_Supplied material_.
::::::
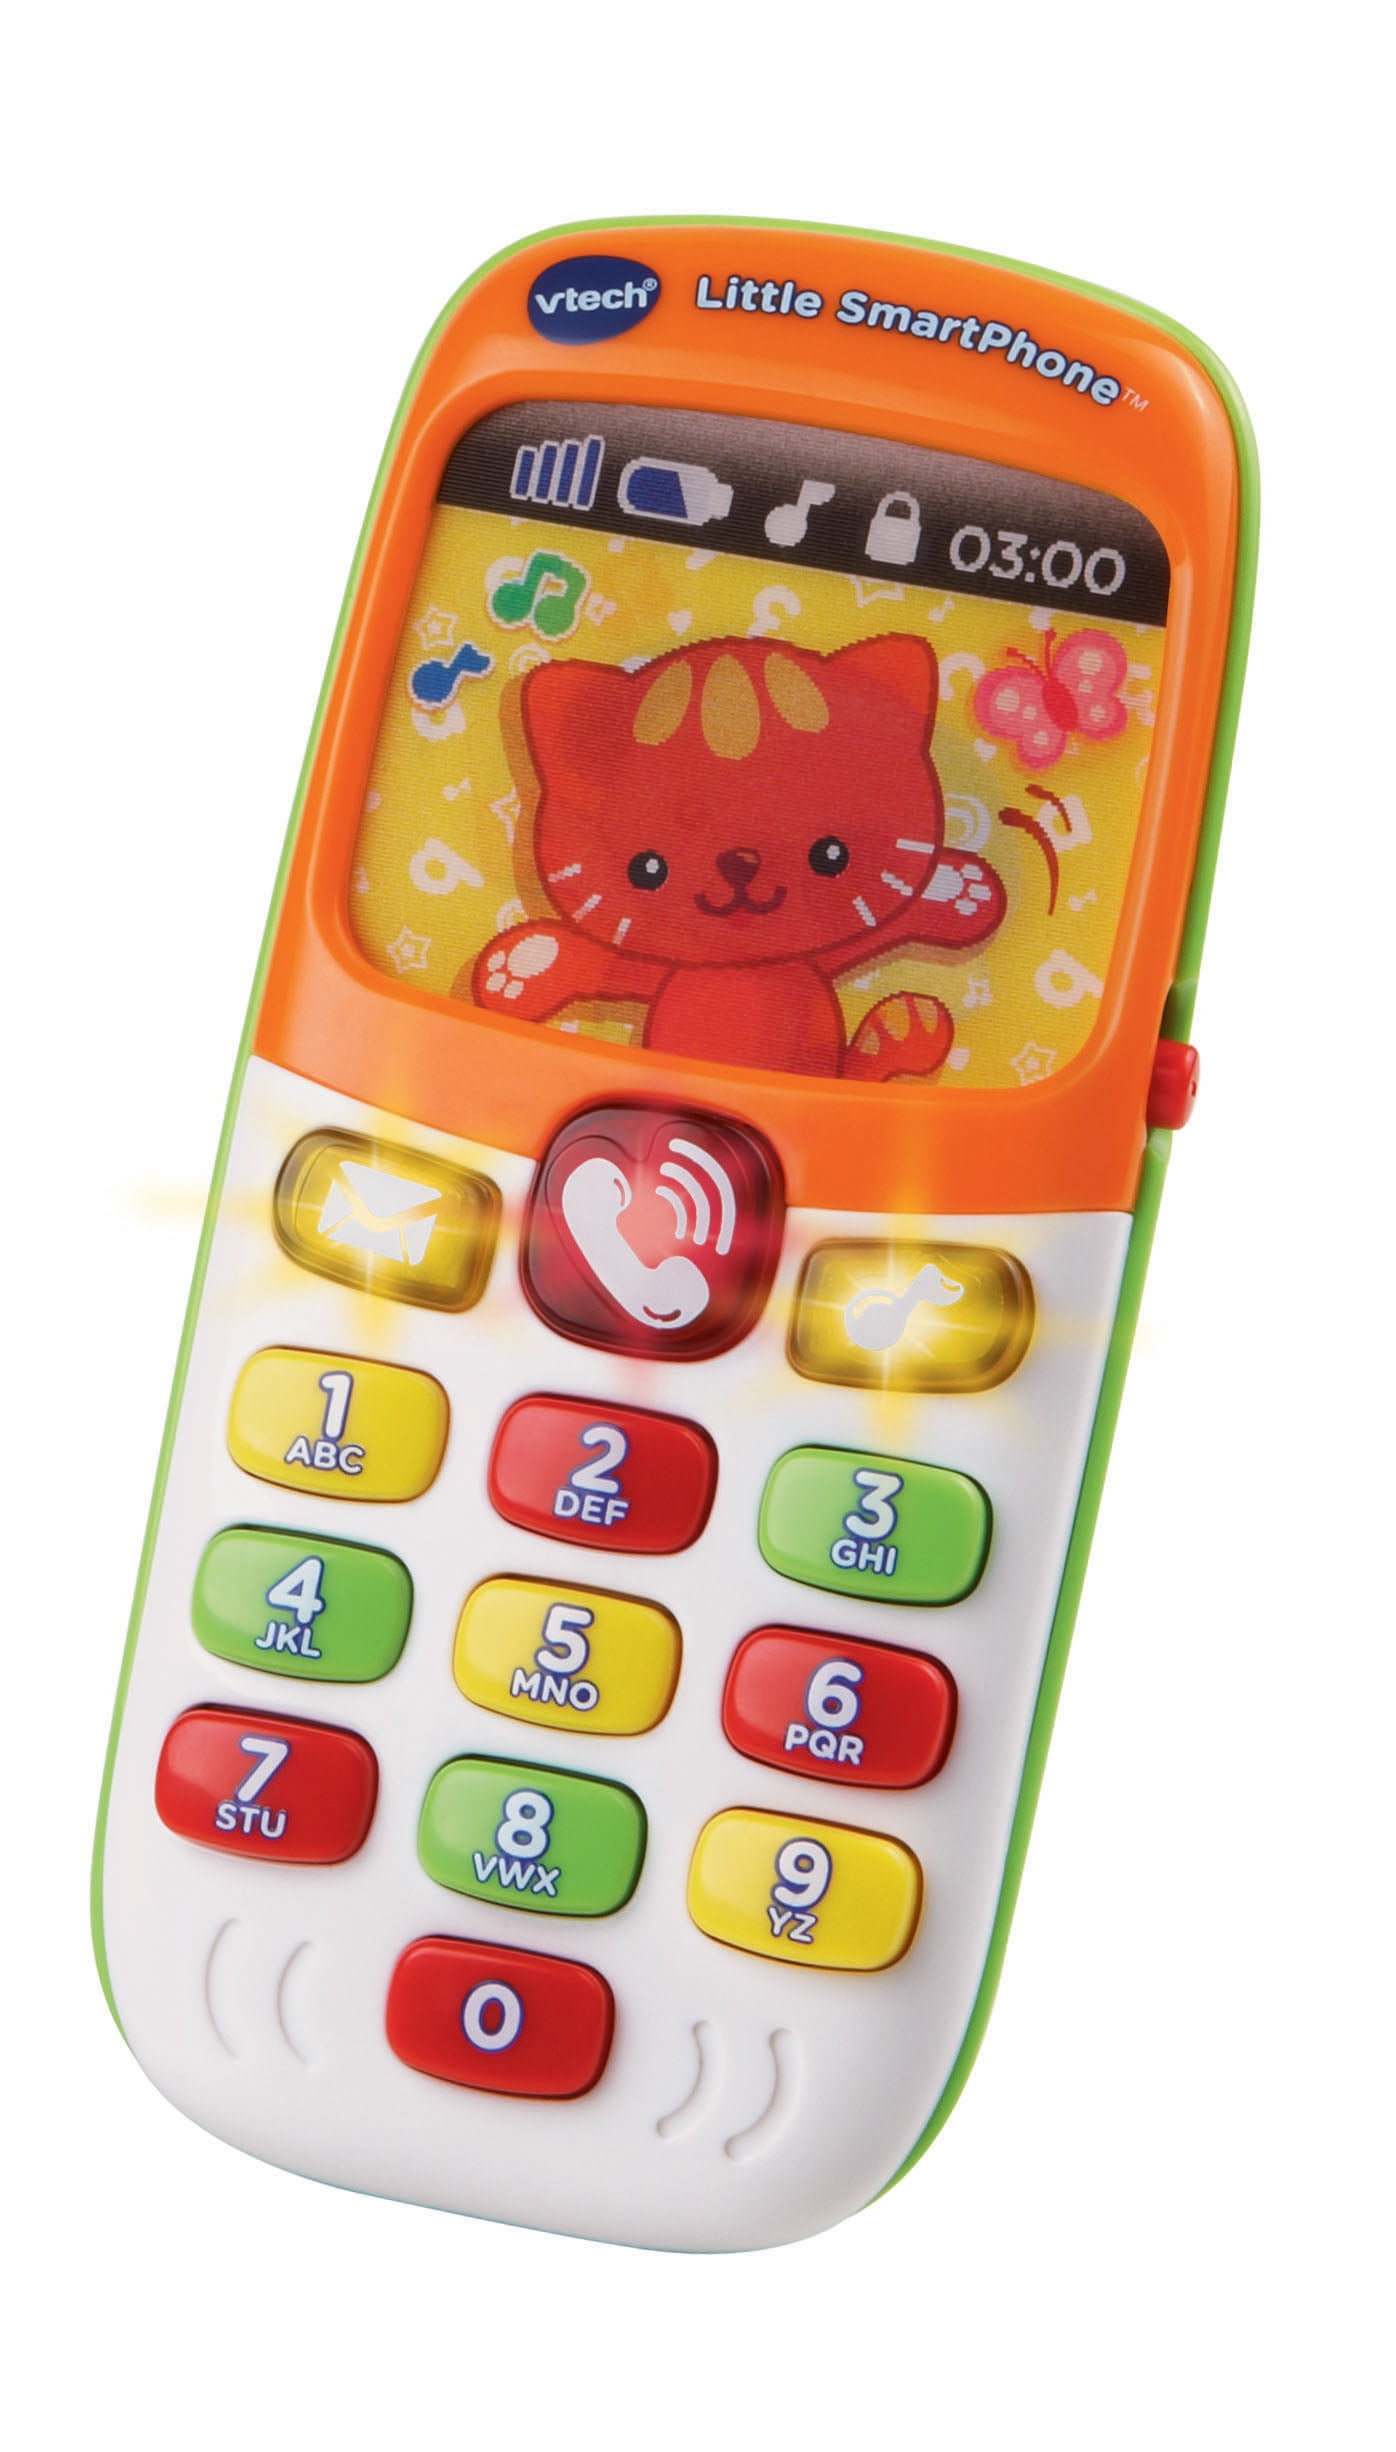 VTech Little SmartPhone, Teaches Numbers and Colors, Great Toy for Baby, Walmart Exclusive
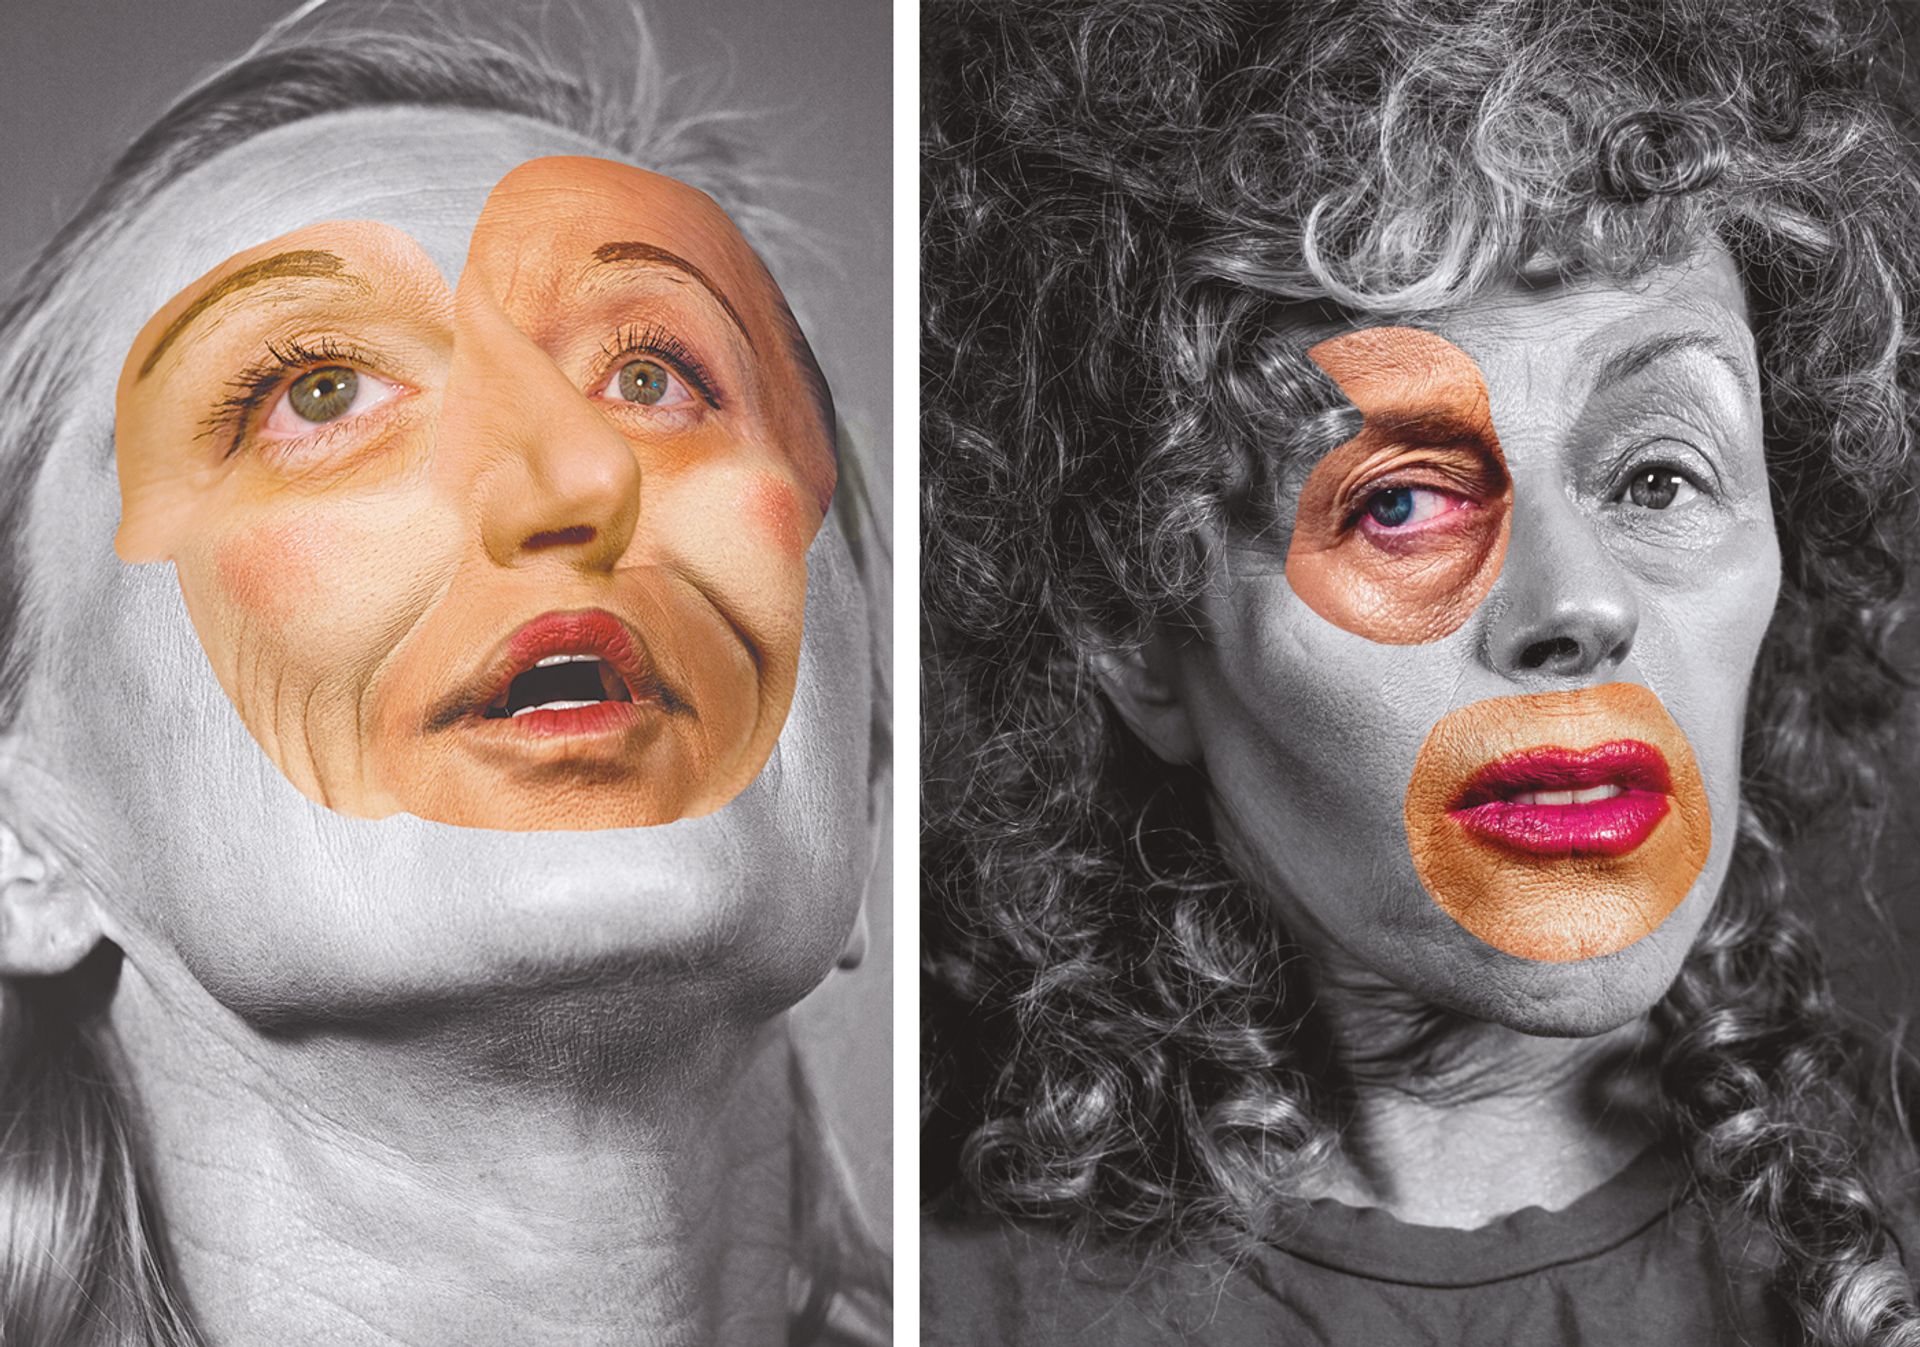 Cindy Sherman Exhibition at Fondation Louis Vuitton: I dress up, so I am
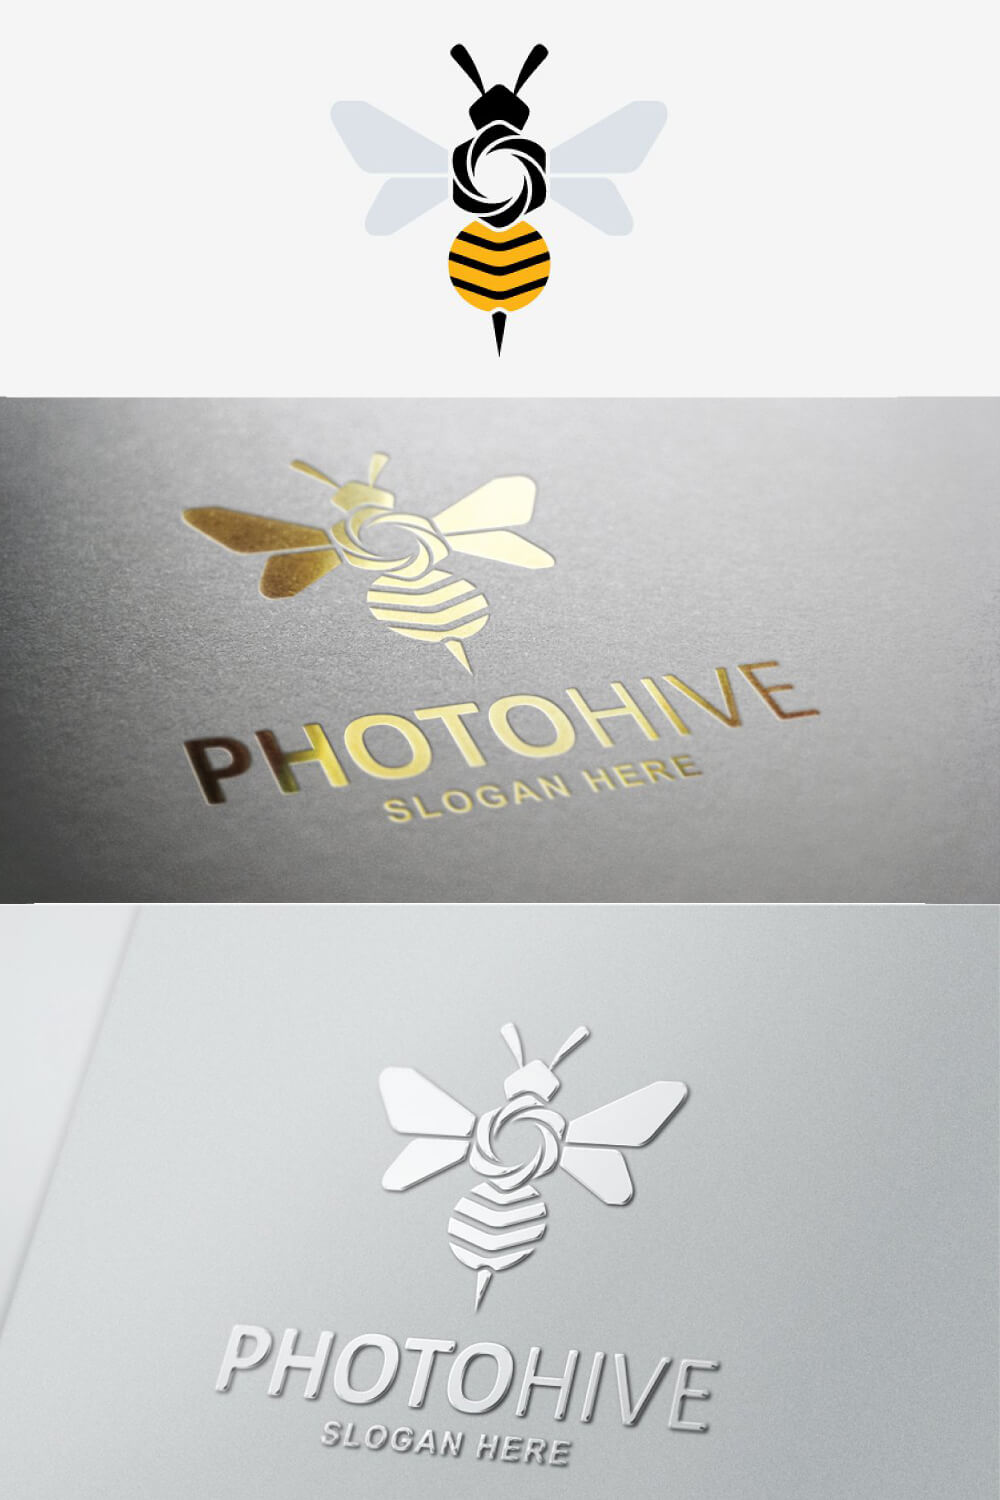 Metal bee logos on a gray background.
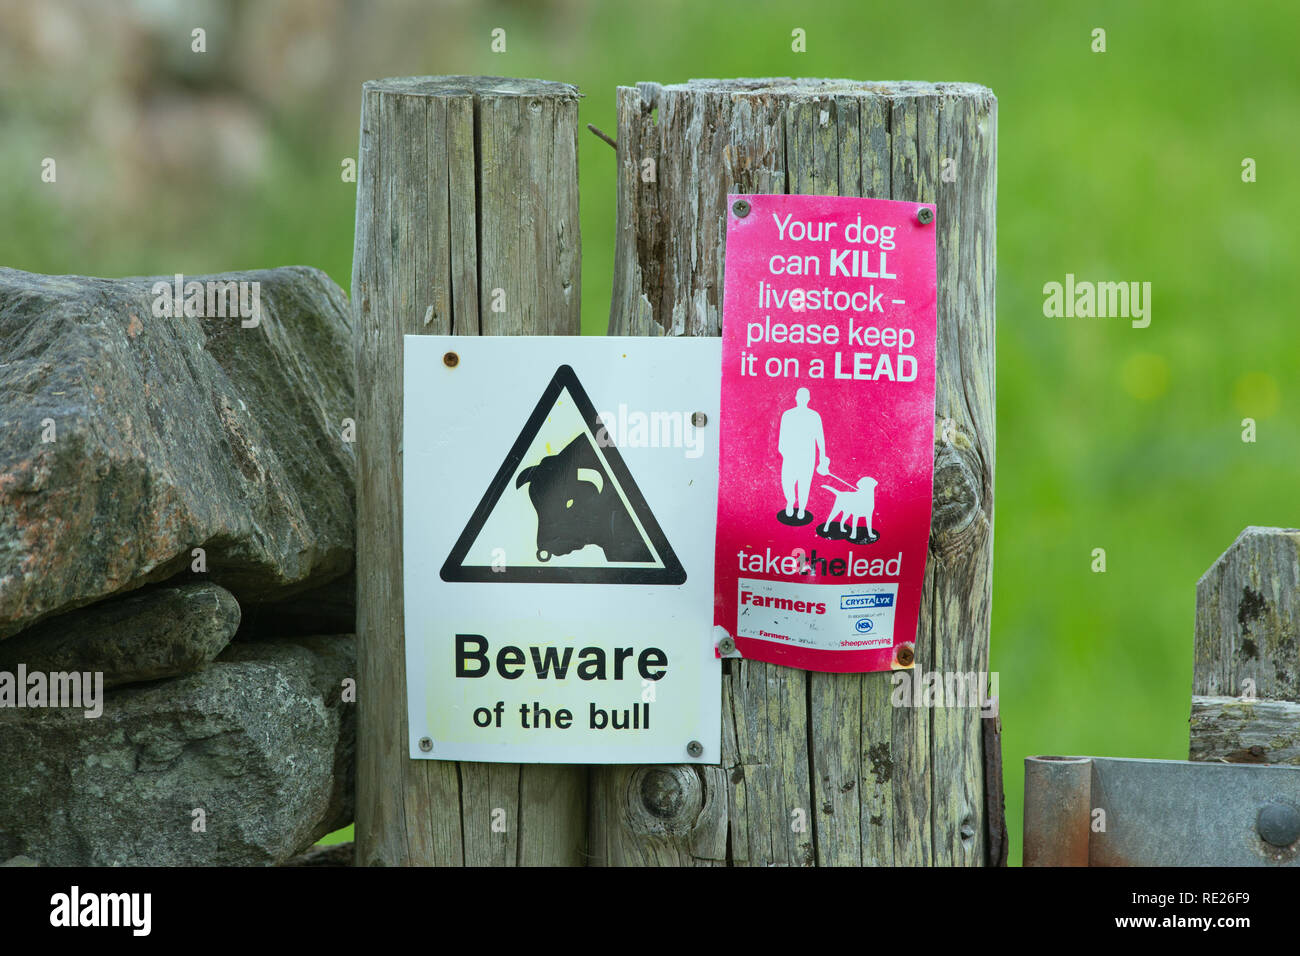 Warning Signs. Beware of the bull. Your Dog can KILL livestock-please keep on a LEAD, To walkers, hikers, ramblers, dog owners, using the footpath. The Isle of Iona, Inner Hebrides. West Coast of Scotland. Stock Photo
::::::
_About this exercise_. Since the pictures are not wanted, give the material again exactly without them.

_Output_.
 VTech Little SmartPhone, Teaches Numbers and Colors, Great Toy for Baby, Walmart Exclusive
 Cindy Sherman Exhibition at Fondation Louis Vuitton: I dress up, so I am
 Metal bee logos on a gray background.
 Warning Signs. Beware of the bull. Your Dog can KILL livestock-please keep on a LEAD, To walkers, hikers, ramblers, dog owners, using the footpath. The Isle of Iona, Inner Hebrides. West Coast of Scotland. Stock Photo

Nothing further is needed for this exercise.